To account for potential motion during the relatively long acquisitions, the elastix motion registration based on the Insight Segmentation and Registration Toolkit was applied to the 3D UTE-Cones data before quantification34,35. The first set of UTE data (UTE-Cones-T2* data) was treated as fixed images, and the remaining sets of data (AFI, VFA, and AdiabT1ρ) were treated as moving images. 3D non-rigid registration was applied to register the moving images to fixed images. In the 3D non-rigid registration, both rigid (affine) and non-rigid (B-spline) were applied as a two-staged approach to register the images. All registrations were driven by Advanced Mattes mutual information34. The transformations were obtained by registration of the grayscale images (source UTE images), which were then applied to the labeled images. Adaptive stochastic gradient descent optimizer was used to optimize both the affine and B-spline registration.

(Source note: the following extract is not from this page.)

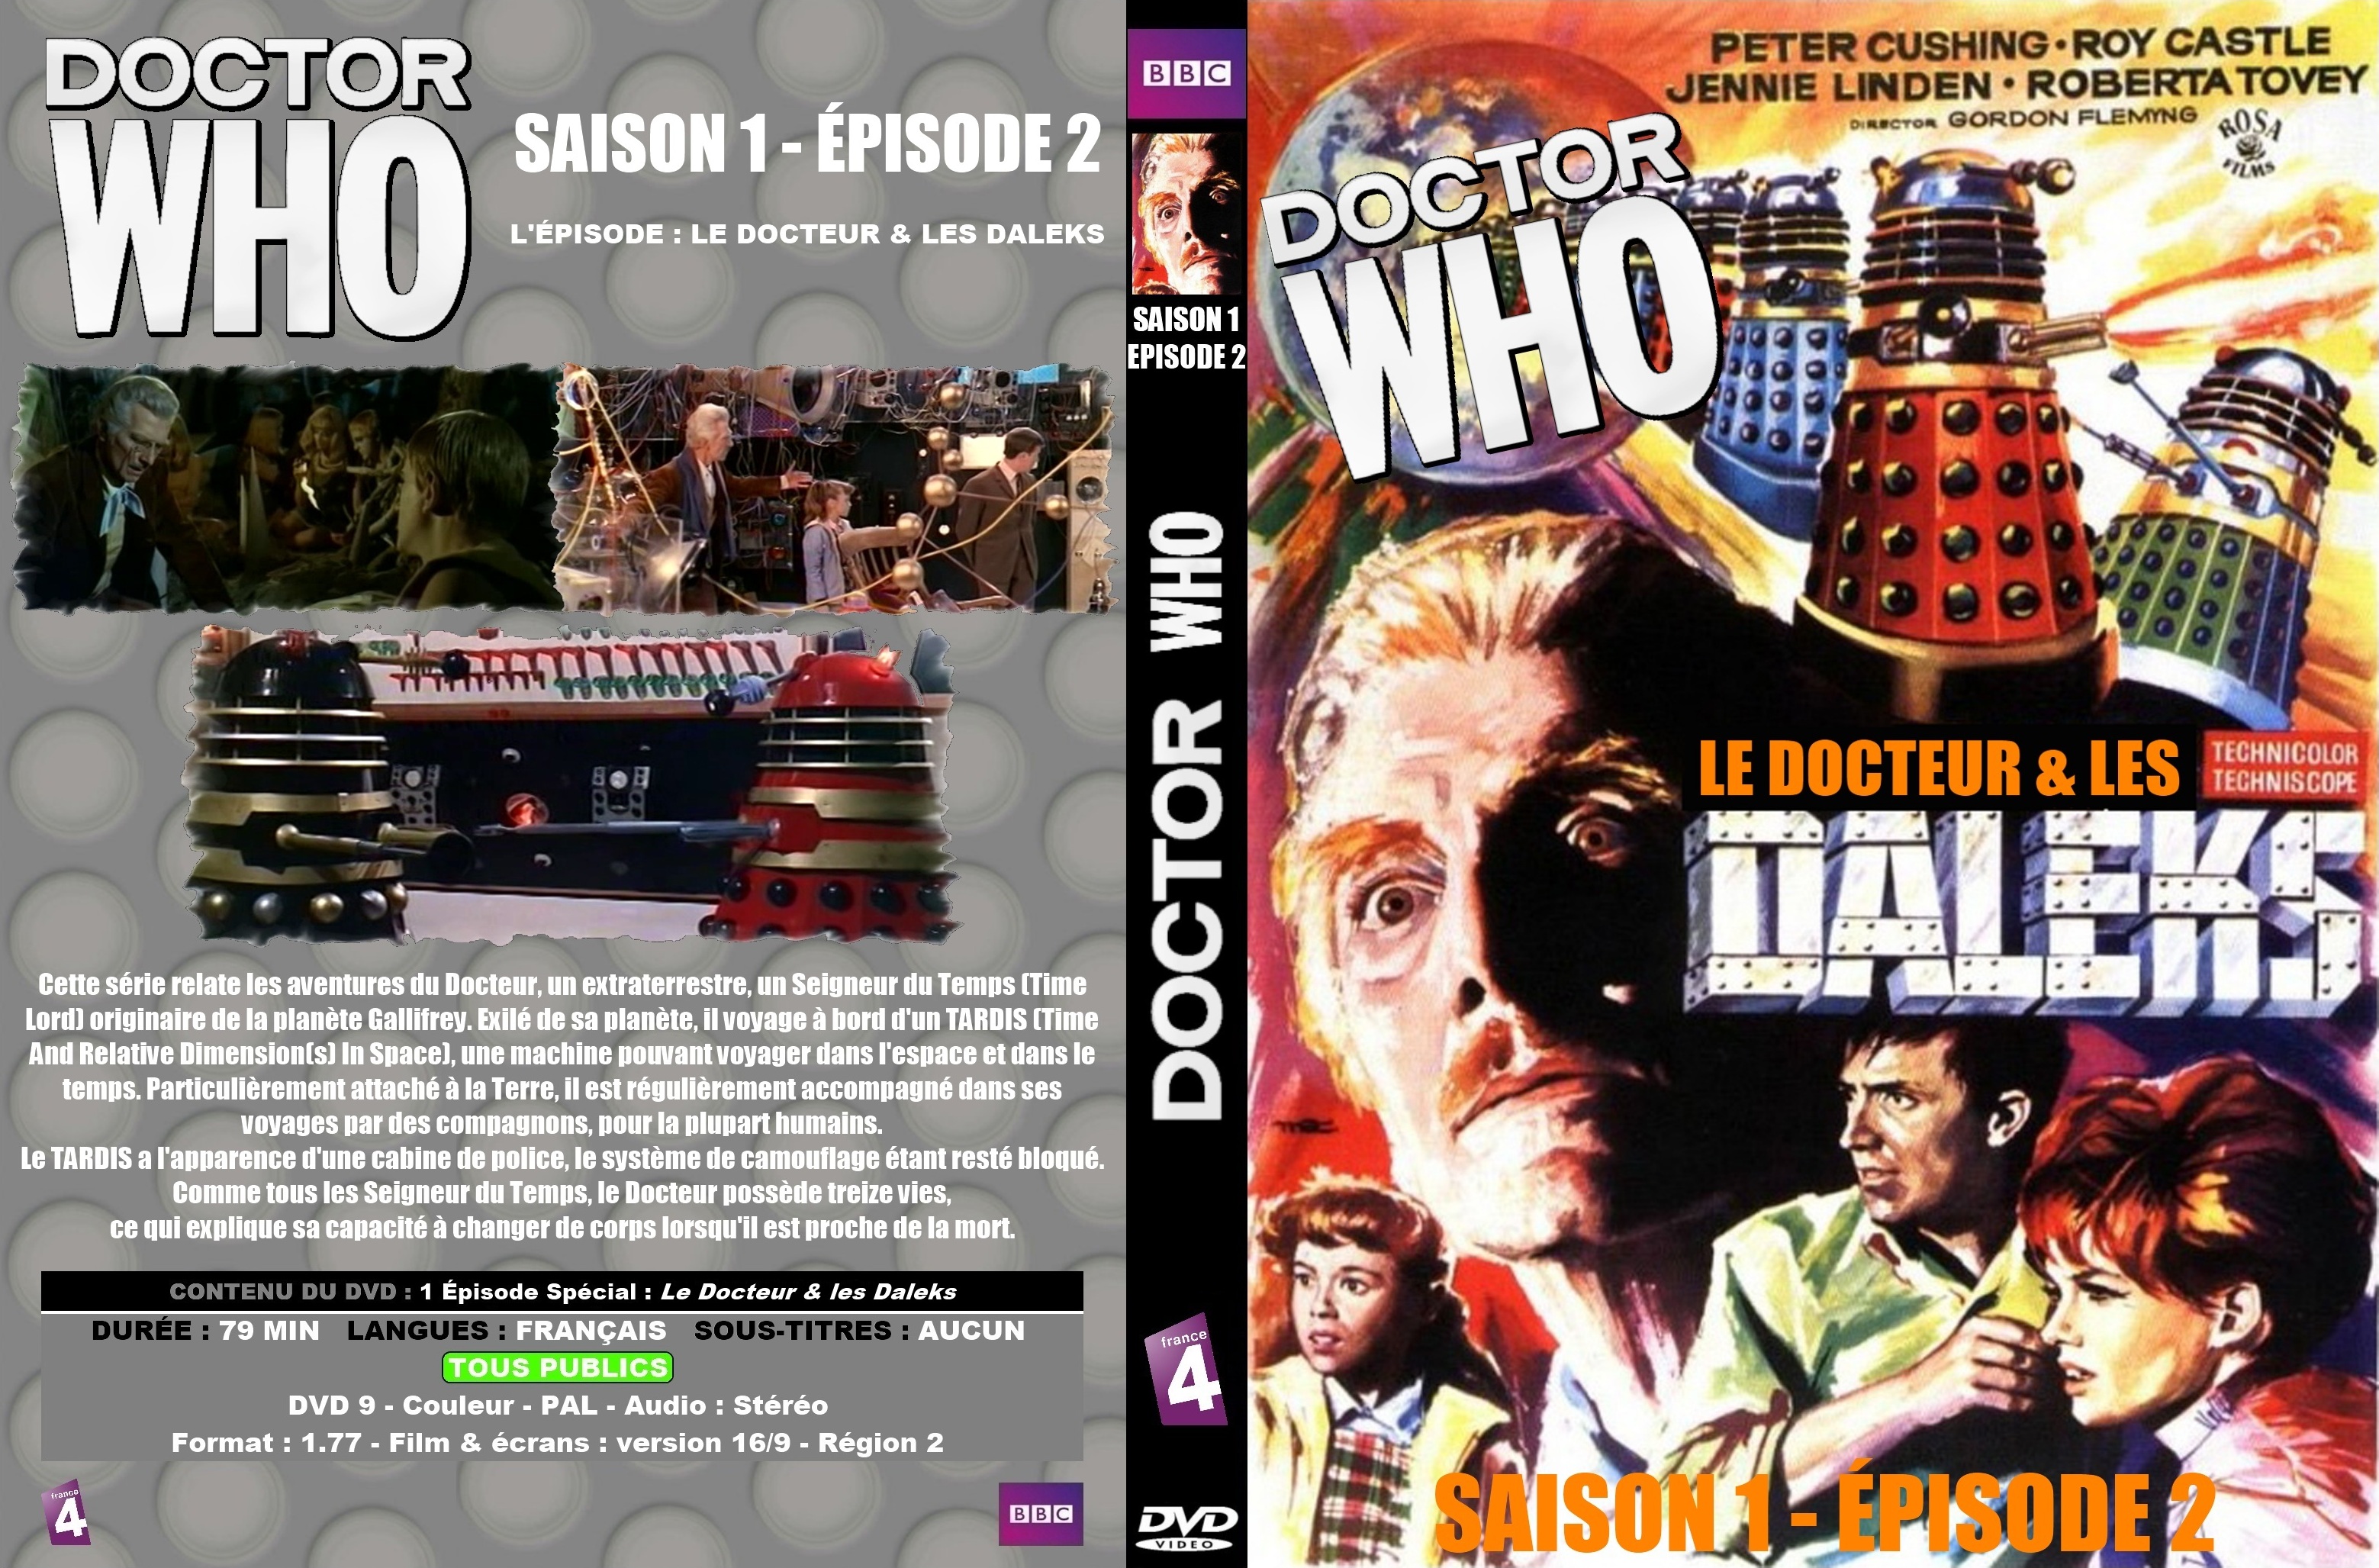 Jaquette DVD Doctor Who Classic Saison 1 pisode 2 custom

Two experienced radiologists with 22 (Rad 1) and 14 (Rad 2) years of experience participated in our study. First, we investigated which images would be best for outlining the ROIs. Menisci show as high signal in the UTE images, but as lower signal with later echoes. Subtraction of a later echo image from the first echo may provide high contrast imaging of menisci. Different subtracted images were reconstructed and presented to the radiologists in order to select those providing the best visibility of the menisci in respect to the surrounding tissues. Based on subjective assessment, subtracted AdiabT1ρ-weighted MR images corresponding to NAFP of 0 and 2 were used to outline the ROIs independently by both radiologists (Fig. 1). Additionally, the lateral meniscus (LM) and medial meniscus (MM) were indicated.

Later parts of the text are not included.